Magda cuelga muchas fotos en sus redes sociales. Casi siempre en una pose muy atrevida y mostrando el rostro blanquísimo, sin huellas del tiempo. Sonríe bastante y la mayoría de las veces está con amigos. Comparte chistes y publicaciones divertidas, pero de vez en vez se le escapan alusiones a que “una puede estar sola rodeada de gente y aunque alguien le lleve del brazo”.

En el Preuniversitario comenzó su primera historia de amor con un muchacho típico, de esos que tienen bien claro que ser fiel y considerado crea una pésima reputación en las becas. A ella no le fue bien los primeros años, pero de algún modo rebasaron la etapa y cuando yo volví de la Universidad se habían casado y tenían un proyecto de vida sólido para compartir.

Ambos se dedicaron a trabajar por cuenta propia. Magda se especializó en arreglar pelos y hacer iluminaciones y prosperó bastante en comparación con sus días de adolescente, de hecho logró hacerse de una casita confortable.

Me cuenta que en algún punto la “suerte” le tocó la puerta. Una prima suya que vivía en Europa le dio el correo de un extranjero, un cincuentón con una posición económica bastante desahogada que buscaba una muchacha más joven con quien desafiar los climas helados.

Fue su esposo quien le propuso escribir el primer mensaje y le acercaba el teléfono para que hablara con el “viejo”. Él también la acompañó a recoger los primeros euros que tuvo en su mano. Recuerda que al principio no tenían conflictos, era como un juego, pero cuando el hombre viajó a Cuba para conocerla, entonces “todo se complicó” y comenzaron a llamar las cosas por su nombre.

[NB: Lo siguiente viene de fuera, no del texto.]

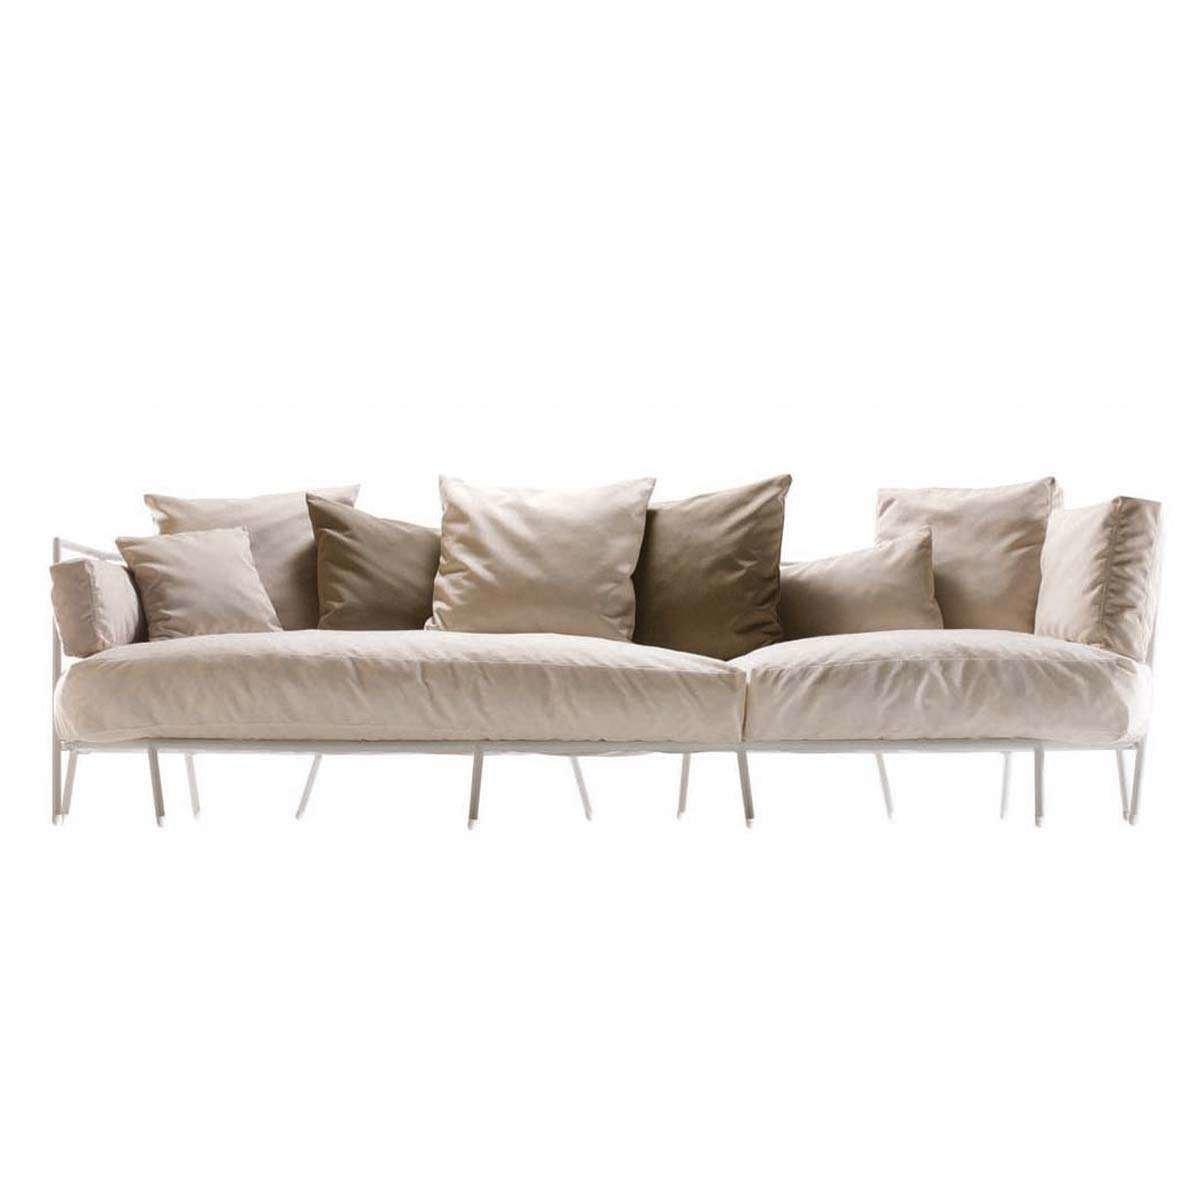 sofa lounger outdoor seat en eindhoven telefoonnummer shop modern furniture lounge dwell

No recuerda el momento exacto, mas su compañero no lo aguantó. Una cosa era escribir correos y otra muy diferente compartir a su mujer. La puso a escoger y ella decidió probar suerte en Europa. Un año después Magda pisó el aeropuerto de Berlín con el pecho henchido de la emoción y los ojos absortos ante la inmensidad del Primer Mundo.

Mas, el cuento de Cenicienta no terminó como ella esperaba. Con el tiempo comenzó a odiar los tonos grises, el idioma extraño y la comida insípida, y la respiración que tenía constantemente detrás de su cuello.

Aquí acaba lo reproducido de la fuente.